Pouco mais de um ano atrás, saudamos aqui, em artigo da série Notícias Responsáveis, a inédita indicação, no Plano Safra 2023/2024, de que os produtores responsáveis poderiam pleitear descontos nas taxas de juros nas linhas oficiais por adotarem práticas sustentáveis em suas propriedades.
O novo plano anunciado há poucos dias, com a previsão de recursos para a safra 2024/2025, volta a trazer essa expectativa, que, infelizmente, não se realizou no ciclo encerrado. A pergunta que se faz, agora, é: será diferente desta vez?
Novamente aparece nos anúncios do governo federal o aceno de linhas de crédito para financiar a agricultura de baixo carbono, com a possibilidade de corte de até um ponto percentual nas taxas de juros para quem estiver implementando algumas das práticas listadas – que vão do plantio direto ao uso de bioinsumos.
No total, o Plano Safra reserva R$ 7,68 bilhões para três linhas do Programa de Financiamento a Sistemas de Produção Agropecuária Sustentáveis (RenovAgro), cerca de 10% acima dos R$ 6,9 bilhões anunciados no ano passado.
O problema é que a intenção precisa ser materializada e, mais do que isso, estar ao alcance de um grande número de produtores rurais. Não foi o que aconteceu na edição anterior do Plano Safra, e não por falta de produtores elegíveis a esses descontos.
No que depende da iniciativa privada (ou seja, de quem planta ou cria em suas propriedades), a produção sustentável avança em passos largos, impulsionada ora por consciência, ora pela imposição de mercados cada vez mais exigentes.
Os trâmites públicos, entretanto, não acompanham o ritmo que se vê nas fazendas.

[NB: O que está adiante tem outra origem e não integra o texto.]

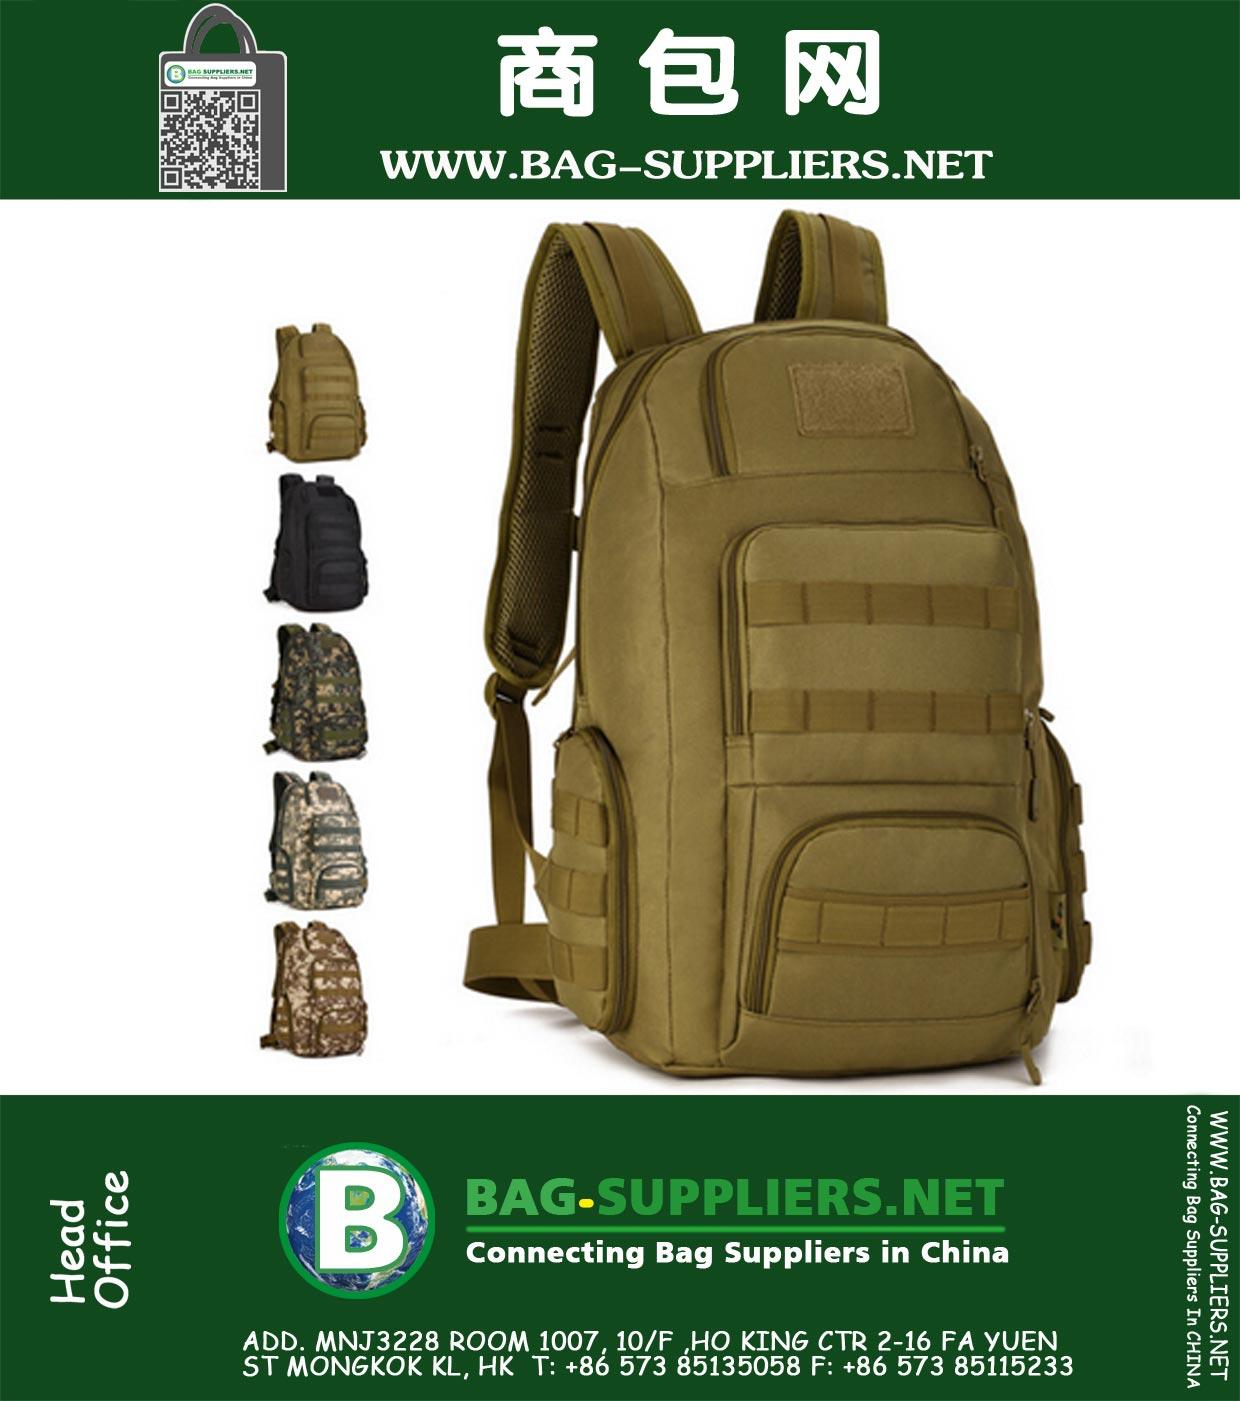 b9218c299 Molle Tactical Mochila Hombres Deportes al aire libre Bolsa de camuflaje  militar Caza Trekking Senderismo Mochilas escolares Bolsas para portátiles  40L
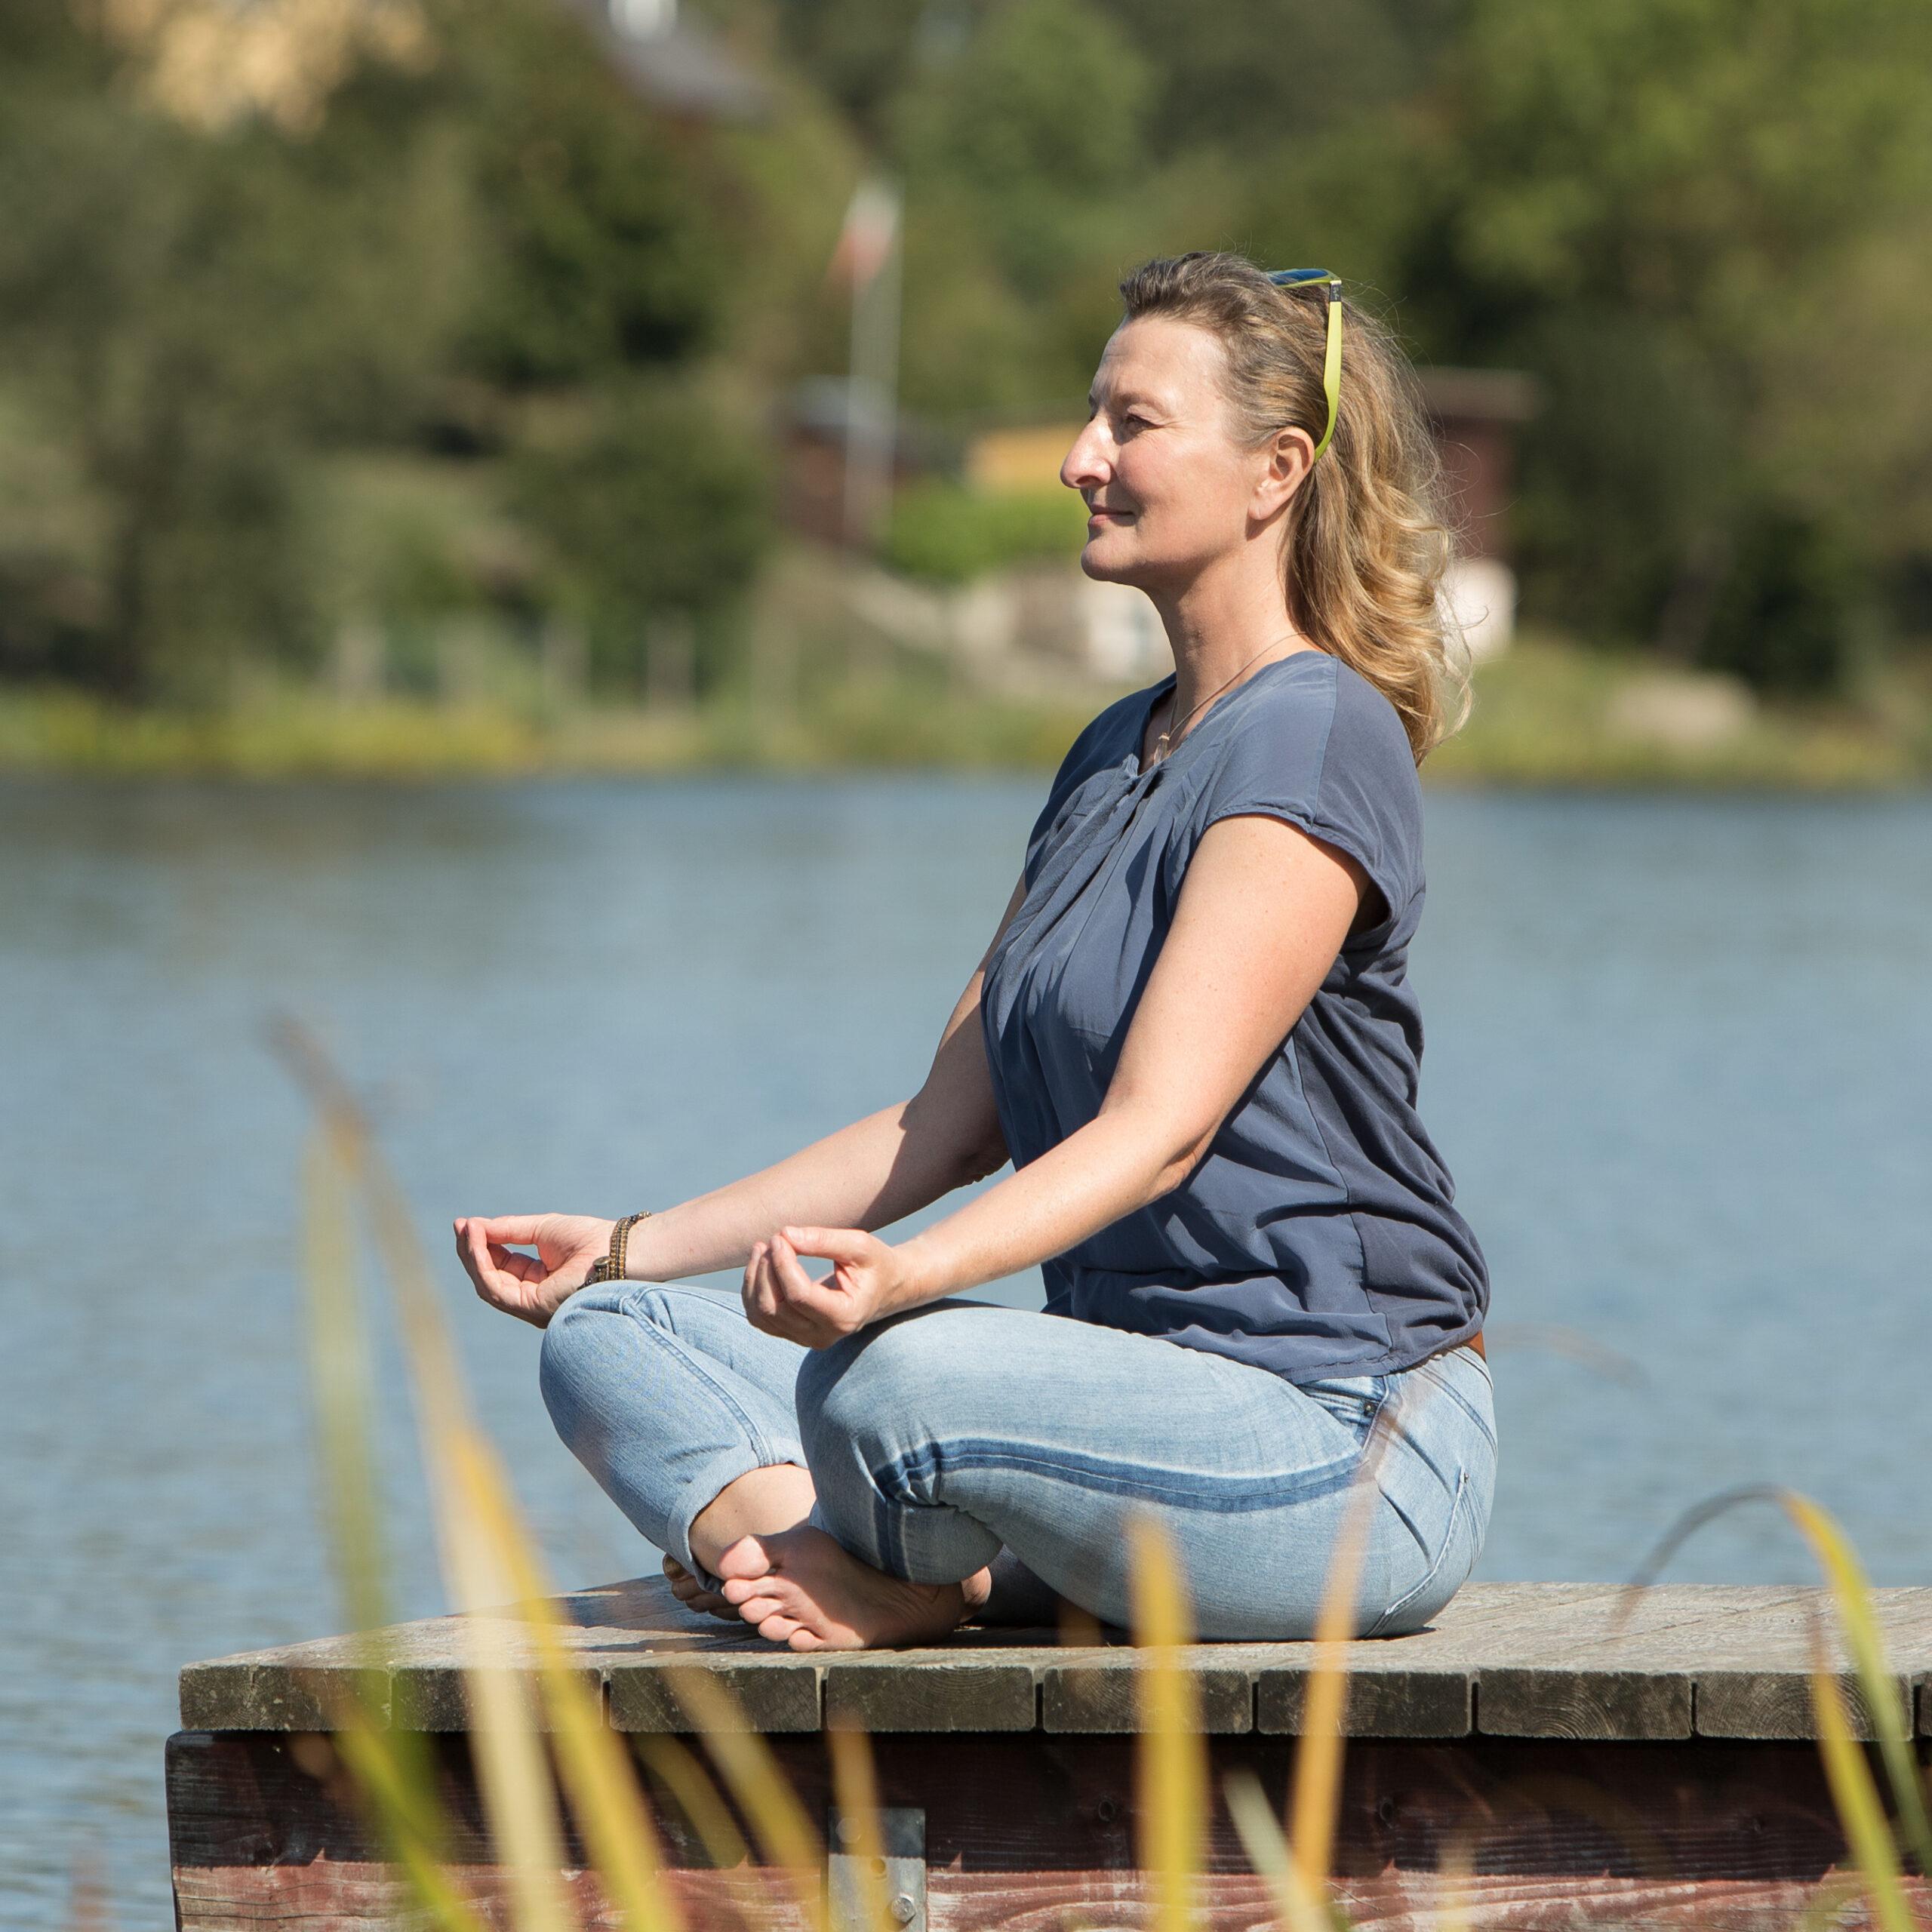 Stressabbau Entspannung Psychotherapie Kinesiologie Hof an der Saale Döhlau Entspannung Wellness Reiki Ernährungsberatung mindful-aging Jutta Grenz-Greim

O Conselho Monetário Nacional (CMN), por exemplo, precisa regulamentar a adoção dos descontos “verdes” nos financiamentos do Plano Safra, mas não o fez no ano passado.
Para a nova edição do plano, esse “detalhe” foi superado, com a publicação da regulamentação, que prevê que os recursos incentivados comecem a ser disponibilizados no início de 2025.
Destravada essa porteira, ainda há outros obstáculos para serem superados e o dinheiro mais barato efetivamente chegue a quem produz de forma sustentável.
Talvez o maior deles continue sendo o descasamento entre as exigências feitas ao produtor para ter acesso a esses recursos e a capacidade dos órgãos públicos em fornecer os documentos que ele mesmo solicita.
A resolução do CMN diz que estarão aptos às taxas de juros mais baixas produtores que já tenham contratado linhas do antigo plano ABC (agora renomeado para RenovAgro) nos últimos cinco anos ou que tenham certificações para produção orgânica, produção integrada (PI Brasil-Mapa) ou de boas práticas agrícolas (BPA-Mapa).
Com isso, ele pode pleitear uma redução de 0,5 ponto percentual nas taxas. Além disso, produtor pode ter direito a mais 0,5 ponto percentual de redução caso tenha tido seu Cadastro Ambiental Rural (CAR) validado.
É aí que o gargalo se torna mais apertado. A validação do CAR é feito pelos governos estaduais e avança a passos de tartaruga. No ano passado, apenas 2% de cerca de 6,9 milhões de cadastros haviam sido analisados. Atualmente, segundo uma pesquisa da ONG Climate Policy Initiative e da Pontifícia Universidade Católica do Rio de Janeiro (PUC Rio) citada pelo site Capital Reset, esse núero se encontra em somente 2,7%.
O site aponta também que “o texto do CMN prevê que as instituições financeiras façam a verificação dos dados de sustentabilidade numa plataforma digital chamada AgroBrasil+Sustentável, que ainda está em fase de desenvolvimento”.
Falta, portanto, um plano para tirar esse Plano do papel.